A total of 192,108 individuals from the Optum database were identified for inclusion in the study. Of these, 96.6% (n = 185,589) had hypertension and 26.2% (n = 50,507) had diabetes. Investigators pointed out the mean age of the overall study cohort was 60.3 (SD, 15.1) years and the mean eGFR was 84 (SD, 21) mL/min/1.73m2.1

Upon analysis, results indicated 17.5% (n = 33,69 of patients underwent albuminuria testing, with 34.3% (n = 11,525) of these patients having confirmed albuminuria. Investigators pointed out UACR testing was more common among those with only diabetes (52.3%) than those with only hypertension (5.1%).1

Based on results, investigators estimated the albuminuria prevalence rate was 13.4% among the 158,479 patients who were untested. Investigators noted the results suggested just 35.2% of the projected population with albuminuria had undergone testing. Further analysis purported undergoing albuminuria testing was associated with an increase in likelihood of receiving treatment with ACEi or ARBs (adjusted Odds ratio [aOR], 2.39; 95% Confidence Interval [CI], 2.32-2.46; P <.001), treatment with an SGLT2 inhibitor (aOR, 8.22; 95% CI, 7.56-8.94; P <.001), and of having achieved a blood pressure goal of less than 140/90 mmHg (aOR, 1.20; 95%CI, 1.16-1.23; P <.001).1

“Early identification of albuminuria is increasingly crucial given the growing number of therapies, such as [SGLT2 inhibitors] and nonsteroidal mineralocorticoid antagonists, that have been shown to slow the progression of CKD and prevent cardiovascular complications," investigators wrote.1 "More albuminuria testing is clearly needed among at-risk persons to ensure effective dissemination of these therapies and to fully realize their potential benefit.”

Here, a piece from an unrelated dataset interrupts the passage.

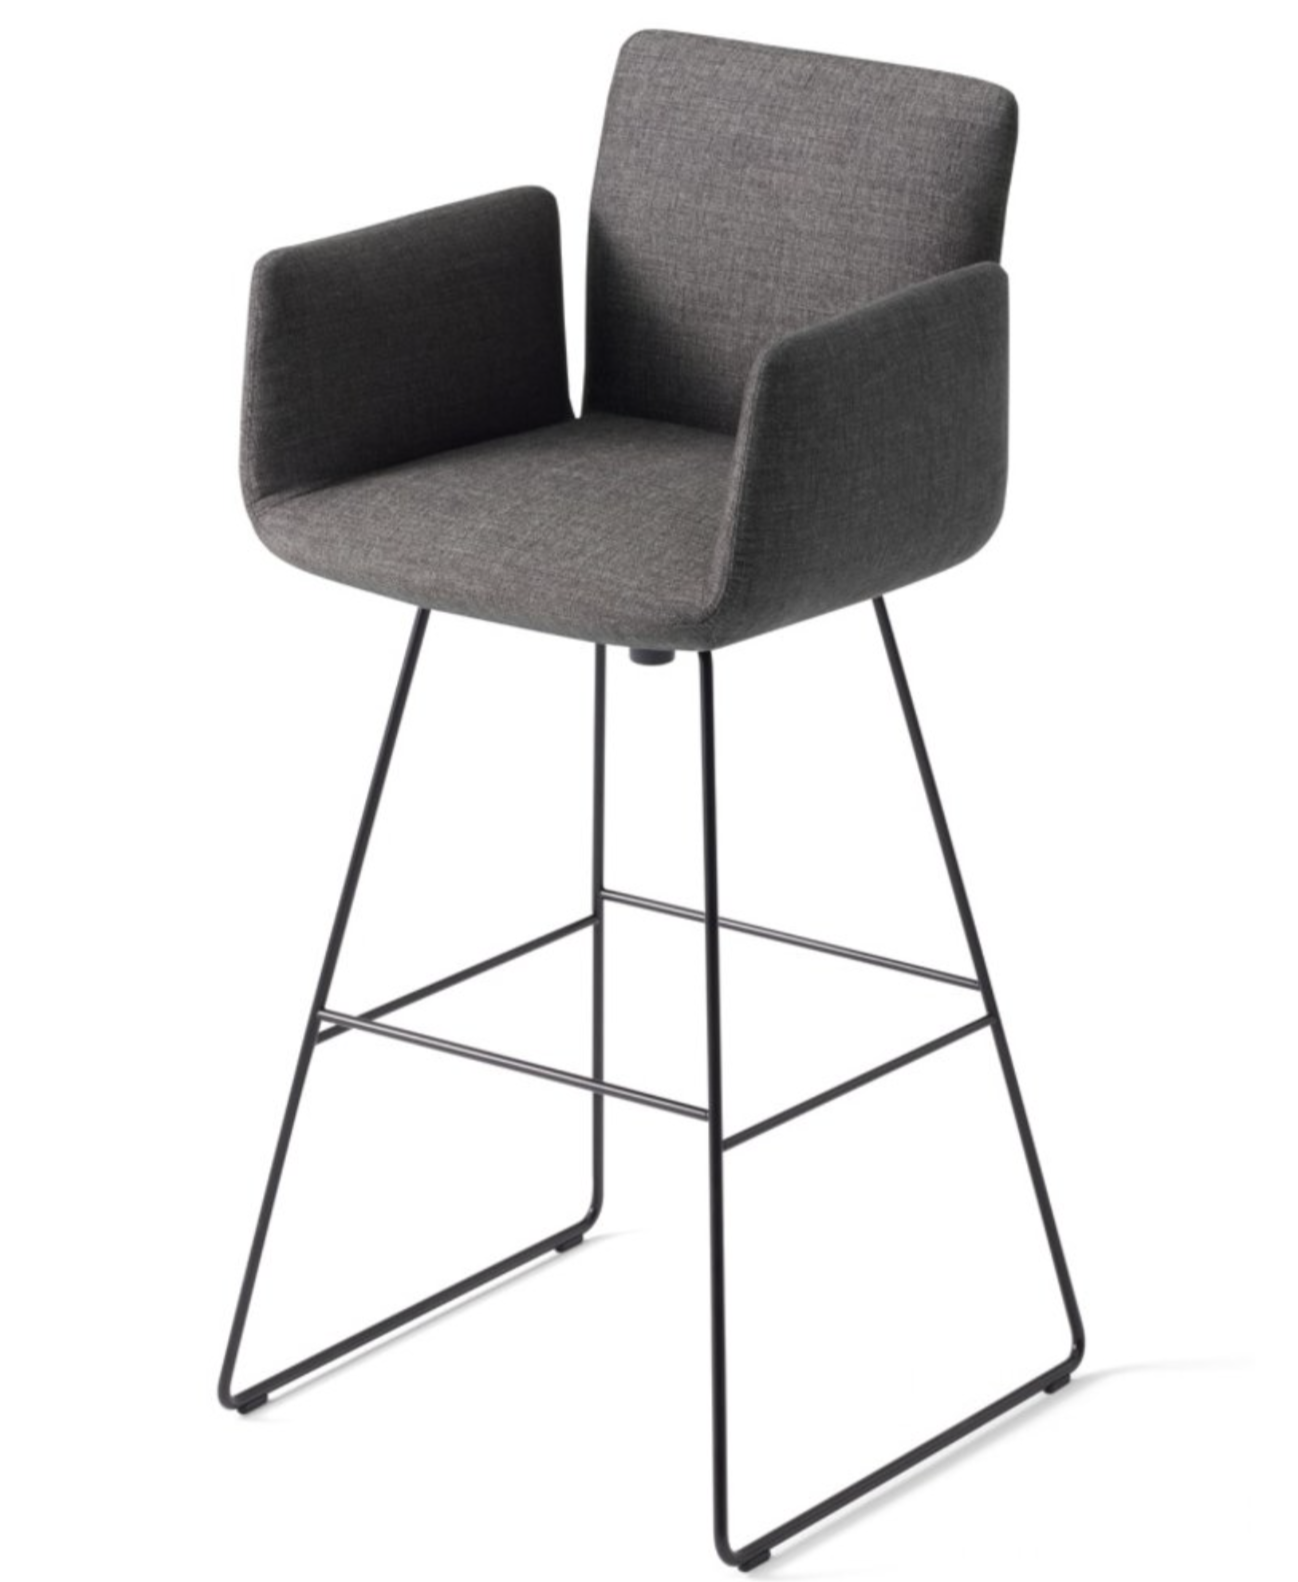 Product Image jalis stool sled

  1. Chu CD, Xia F, Du Y, et al. Estimated Prevalence and Testing for Albuminuria in US Adults at Risk for Chronic Kidney Disease. JAMA Netw Open. 2023;6(7):e2326230. doi:10.1001/jamanetworkopen.2023.26230
  2. Campbell P. Finerenone (Kerendia) approved for chronic kidney disease associated with type 2 diabetes. HCP Live. July 9, 2021. Accessed July 27, 2023.
  3. Campbell P, Iapoce C. 10 years of SGLT2 inhibitors: A Decade of Redefining Cardiometabolic Care. HCP Live. March 29, 2023. Accessed July 27, 2023.